The Adaptation Test measures the central nervous system's ability to learn from a perturbation and damp the response across trials. It is the CDP protocol most sensitive to cerebellar involvement.

The test consists of two series of five trials each: toes-up rotations of the platform, and toes-down rotations. Each rotation lifts or drops the front of the platform by about 8 degrees over 400 ms.

The response to a toes-up rotation is initially exaggerated — the patient sways backward as if pushed. By the fifth trial, the healthy central nervous system has learned that the perturbation is harmless and damps the response. Sway energy on trial five is typically 40–60% of trial one.

Toes-up and toes-down rotations

Toes-up rotation: the front of the platform rises. The patient's body initially leans forward (relative to the new platform tilt), then sways backward as a corrective response. Healthy adults overshoot slightly on trial one, then progressively adapt.

Toes-down rotation: the front of the platform drops. The patient leans backward, then sways forward correctively. The adaptation pattern is similar to toes-up, although mean sway energies are typically a touch lower.

Some clinicians report toes-up and toes-down separately because asymmetric adaptation can occur — typically with toes-down adapting faster than toes-up. The interpretation of mild asymmetry is not standardised; treat it as a soft finding unless one direction is clearly non-adapting.

Sway energy

Sway energy is the integrated sway across the trial, weighted by frequency. It captures both the amplitude and the timing of the postural response in a single number. Higher values mean more total sway; the system normalises to a baseline so that direct trial-to-trial comparison is meaningful.

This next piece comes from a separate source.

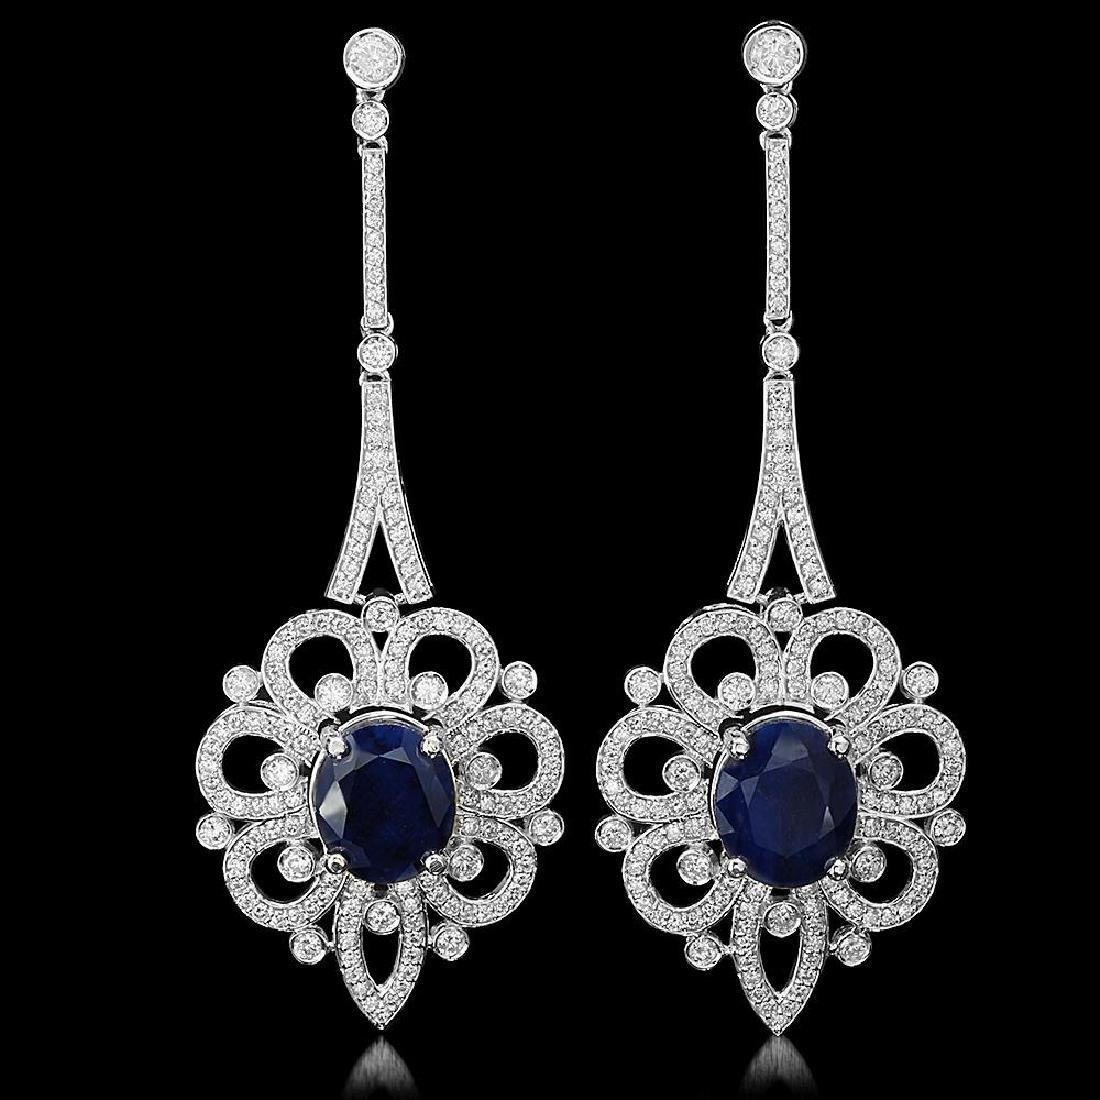 18K Gold 13.64ct Sapphire 4.08ct Diamond Earrings

On a healthy first trial, sway energy is high — the patient hasn't yet learned the perturbation. By trial five, sway energy has typically dropped substantially: a fall of 40–60% from trial one is normal.

A flat trajectory across all five trials — sway energy on trial five roughly equal to trial one — is the abnormal finding. It means the central adaptation machinery is not learning. Cerebellar disease is the most specific cause; some central white-matter disorders can produce similar patterns.

Central adaptation

Adaptation requires cerebellar circuitry, particularly the anterior vermis and the interposed nuclei. These regions receive input about the perturbation (from somatosensory afferents and the vestibular system) and tune the descending motor command on subsequent trials.

The time-course of adaptation is rapid: most of the gain occurs between trials one and three. A patient who reaches their floor sway energy by trial three and stays flat for trials four and five is adapting normally; a patient whose trial-five sway is essentially identical to trial one is not.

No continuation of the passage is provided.